The Federal Reserve is trapped. On one side, the US government’s soaring debt service costs prevent aggressive rate hikes. On the other, war-driven oil price spikes threaten to reignite inflation, making rate cuts impossible. The central bank is left with no good options, setting the stage for a prolonged period of financial repression and currency debasement.
John Arnold argued on TFTC that the Fed has hit a fiscal ceiling. The Treasury’s interest expense is already at its limit; hiking rates further would threaten sovereign solvency long before it tamed inflation. The danger extends to the financial system’s plumbing, where spiking Treasury volatility - measured by the MOVE index - threatens to force liquidations by leveraged hedge funds, risking a systemic liquidity crunch.
John Arnold, TFTC: A Bitcoin Podcast:
- The Fed does not have the leeway to get substantially more aggressive or more restrictive across its different facilities and different tools on the strategy market and on rates.
- I think broadly, that's a theme that I would fade as we go forward this year, that the Fed's just going to respond mechanically to higher inflation with higher rates.
Geopolitics tightens the trap. Mel Mattison, also on TFTC, warned that a prolonged conflict in the Middle East could keep oil between $90 and $150, bleeding costs into fertilizers, plastics, and transportation. This creates a 1970s-style stagflationary environment. Peter St Onge of BTC Sessions highlighted the Fed’s historic blind spot: mistaking such supply shocks for monetary inflation and hiking rates into a slowing economy, a move a Deutsche Bank study flagged as the single biggest recession risk.
The structural shift enabling this paralysis is fiscal dominance. Lyn Alden on What Bitcoin Did noted the US entered this danger zone around 2018, when deficit spending outside a recession first exceeded total new private bank lending. The government is now the primary engine of money creation, ‘pre-stimulating’ the economy just to stay solvent. Recessions may no longer bring disinflation, but more debasement.
Lyn Alden, What Bitcoin Did:
- Realistically, I would say that it’s somewhat mattered since the global financial crisis.

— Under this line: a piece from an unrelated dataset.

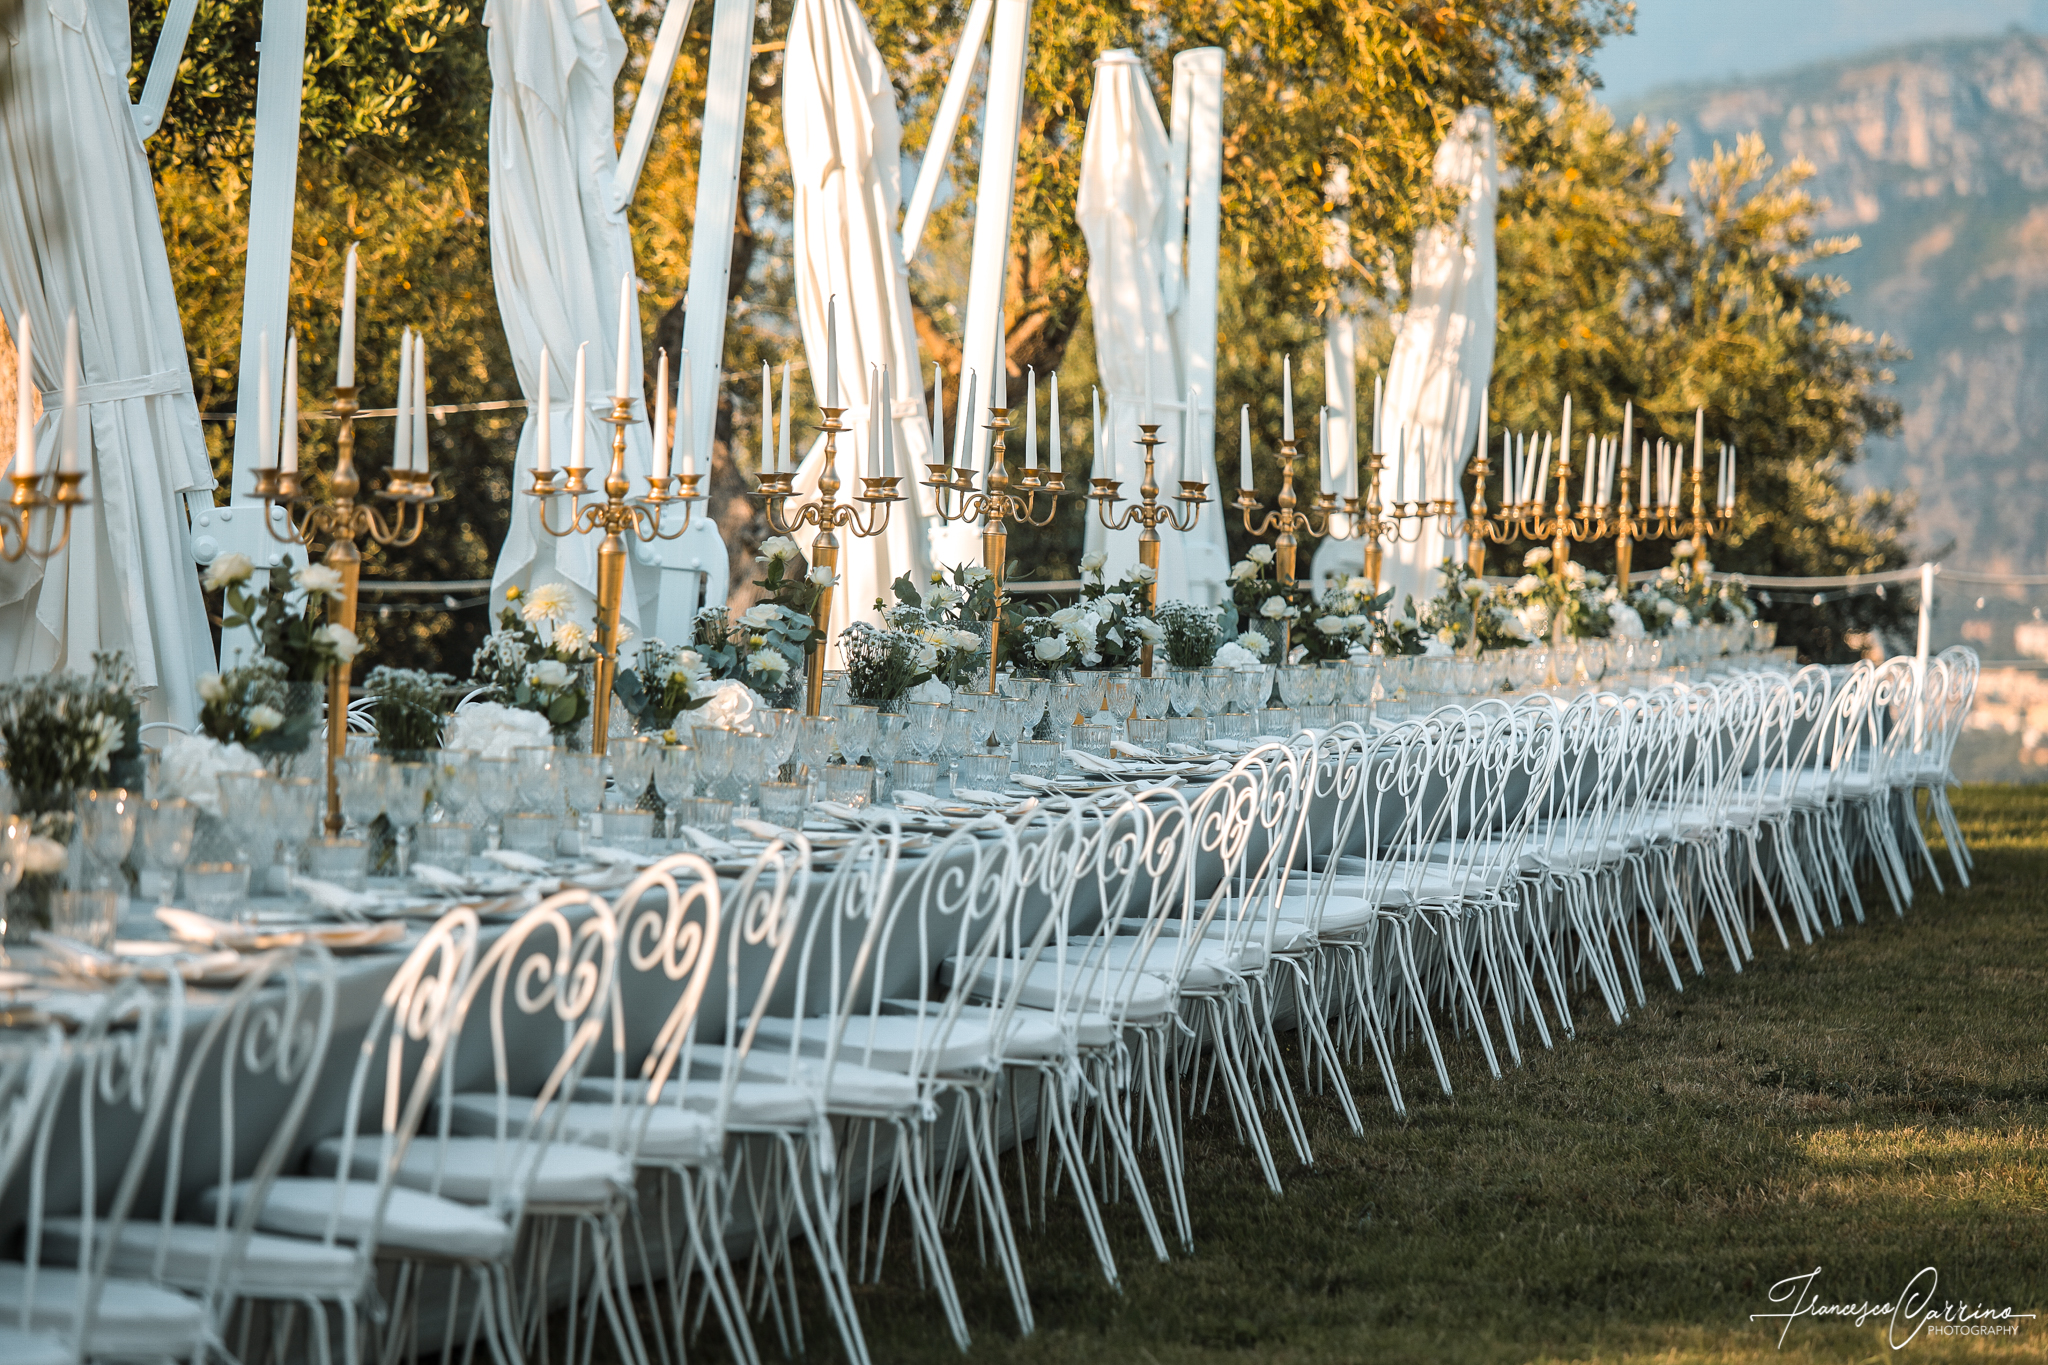 http://www.weddingamalfi.com/wp-content/uploads/Giannenza-13-luglio-2019-2.jpg

- But really, I would say since about 2018, 2019, I think it’s been really mattering, which is to say that we’re shifting more and more toward that kind of fiscally dominant environment.
Not everyone sees immediate crisis. On Forward Guidance, Fed Governor Miran argued that AI and deregulation create a persistent disinflationary drag, and that the Fed should ‘look through’ temporary oil shocks. He views the current policy as unnecessarily restrictive.
Consensus, however, points toward accommodation. With a $3 trillion deficit looming and foreign demand for Treasuries at 30-year lows, analysts expect the Fed to protect the bond market’s functionality above all else. The historical template, as Arnold noted, may be the 1940s: yield caps, price controls, and rationing to manage inflation while inflating away debt. The choice isn’t between inflation and stability, but between a functioning bond market and a stable currency. The Fed is expected to choose the bonds.